Significa que para haver o acesso de todos aos bens, para se satisfazer o desejo de ter, é preciso
tomar o poder. (...). O problema da democracia, quando ela se efetiva – e ela só se pode
efetivar sendo republicana – é que ao mesmo tempo que ela nasce de um desejo que clama
por realizar-se, ela também só pode conservar-se e expandir-se contendo e educando os
desejos. (se deseja da democracia a distribuição de bens, e não a gestão do poder) p. 22-3
A saída teórica para o problema está colocada. Há que entender toda a problemática da
autonomia, ou seja, da autogestão dos poderes e de si que é característica da democracia, a
partir de uma extensão dos valores republicanos. É o que Roma propôs, porém conservando
um recorte essencial entre a minoria de patrícios que ao mesmo tempo mandava e obedecia, e
a maioria desprovida de direitos políticos. A solução republicana vigia para os membros do
Senado, mas somente era possível na medida em que persistia a velha divisão.
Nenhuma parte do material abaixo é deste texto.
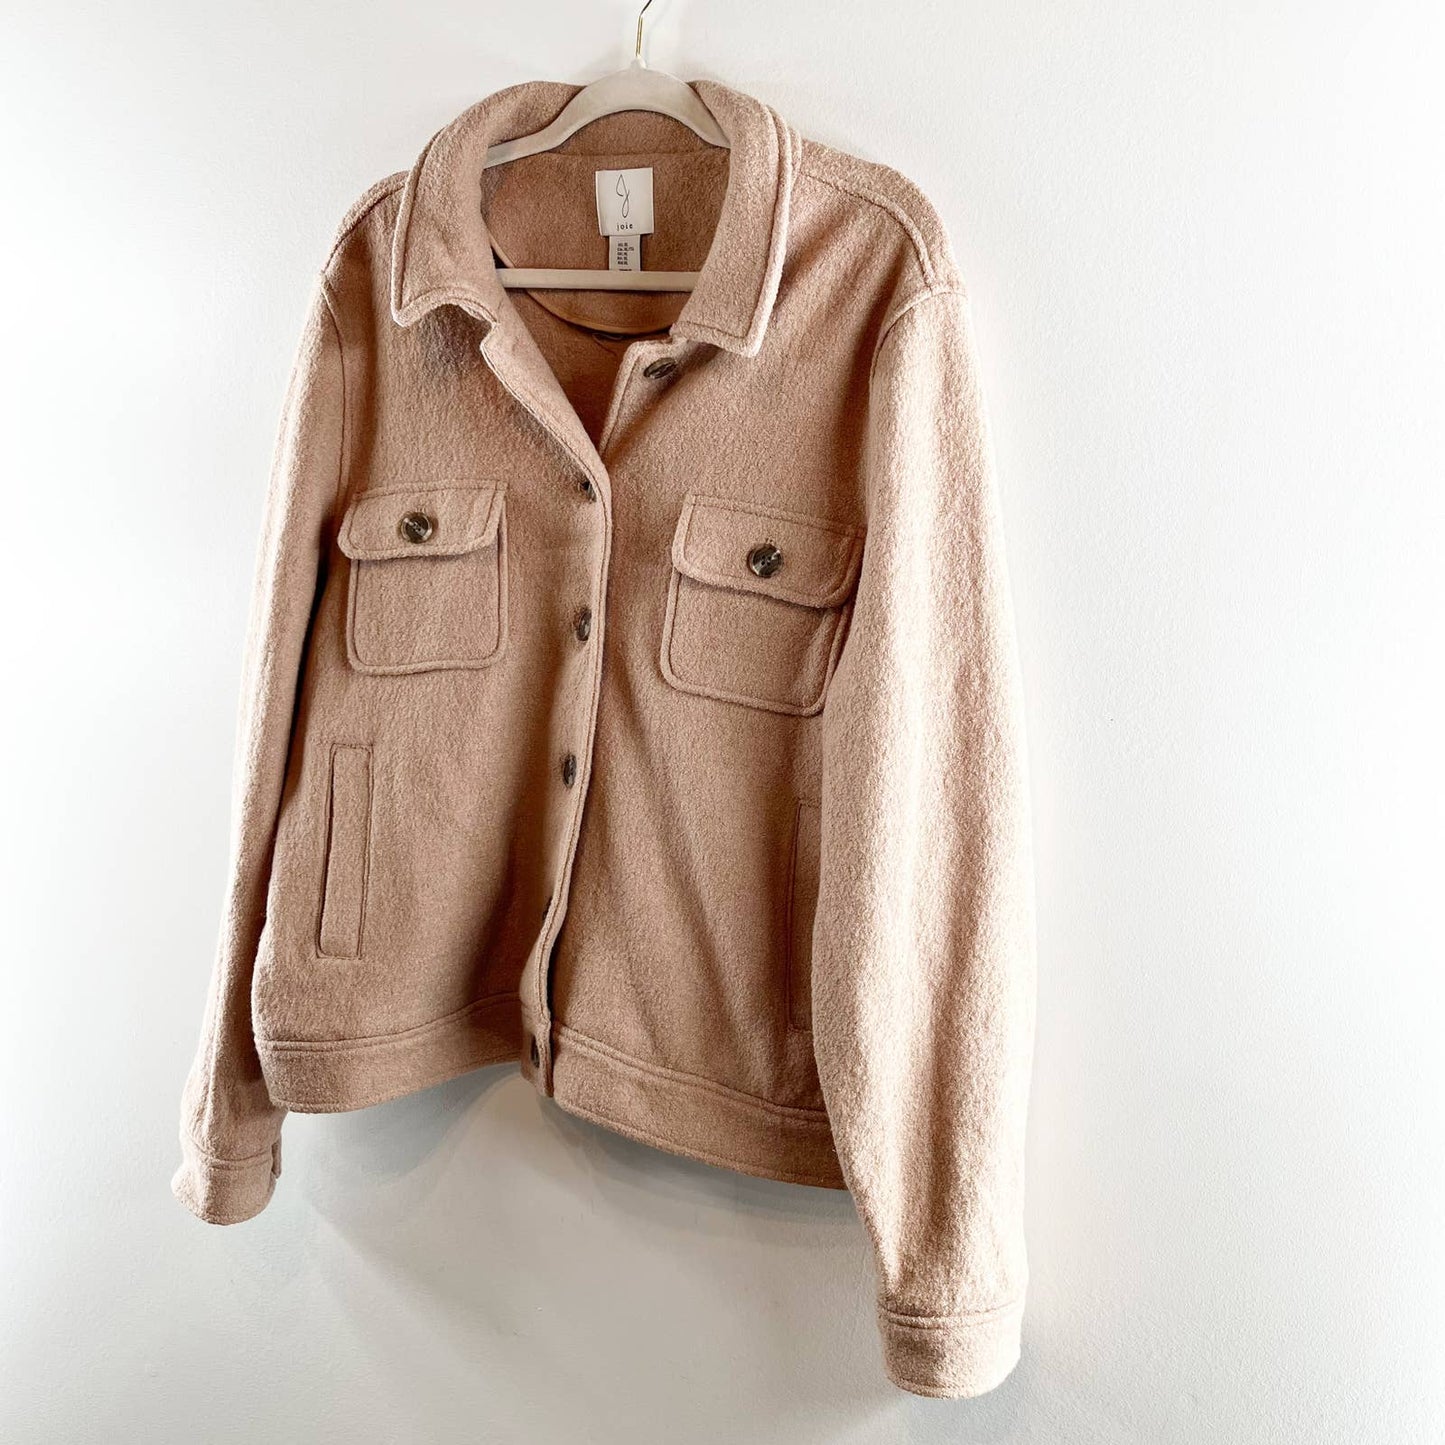 Joie Fleece Button Cuffed Sleeve Collared Button Front Jacket with Pocket Tan XL

Na verdade, era
exatamente porque aos senadores ainda se facultava mandar irrestritamente sobre aqueles
que deviam obedecer ilimitadamente, que eles podiam, no seio de seu corpo, praticar a difícil
moralidade republicana, de obedecer à lei que eles mesmo promulgavam. P. 23
Dois pontos a esclarecer: o primeiro é que o desejo é dito sobretudo dos que não têm, e a
abnegação dos que têm. A república é a virtude dos proprietários, ou dos patrícios: é uma
excelência, uma alta qualidade moral, uma dignidade, em suma, uma areté, que bem diz de
sua natureza aristocrática. Na Roma, o regime republicano nasceu do triunfo da aristocracia
sobre a monarquia e viveu – e morreu – da resistência dessa classe contra o povo. Assim,
podemos dizer que o desejo, que aparece como uma pulsão aquisitiva, se explica sobretudo a
partir dos que não possuem nada, ou somente pouco. Mas esgota-se o desejo no anseio por
adquirir coisas, bens? Certamente que não. Através da matéria e da mercadoria se mira outra
coisa – o reconhecimento como ser humano, ou até menos nomeável, cuja densidade apenas
podemos imaginar. (...). De todo modo, desejantes são os que não têm, moderados os que
têm. Ao insistir no caráter desejante da democracia, estou negando todo o propósito de
racionalizá-la às pressas. Ao apontar a virtude da república como regime da autocontenção,
estou afirmando a necessidade de que os desejos, para realizarem uma democracia ampliada,
aprendam a educar-se segundo hábitos que são inicialmente aristocráticos. P. 23-4
Mas, nesta encruzilhada de duas tradições a nós simpáticas, república e democracia, pode ser
que a república já tenha mais ou menos constituída a sua tecnologia, o seu modus faciendi; o
que devemos é desenvolver a democracia. Desse regime ainda sabemos pouco. Insisti em que
ele precisa da república – se não, fracassa. Mas a república deve ser o meio para ele expandir
duas possibilidades, reformando não apenas o Estado, porém as relações sociais e mesmo
micro-sociais. A novidade estará do lado da democracia – que tem, claro, de ser republicana. P.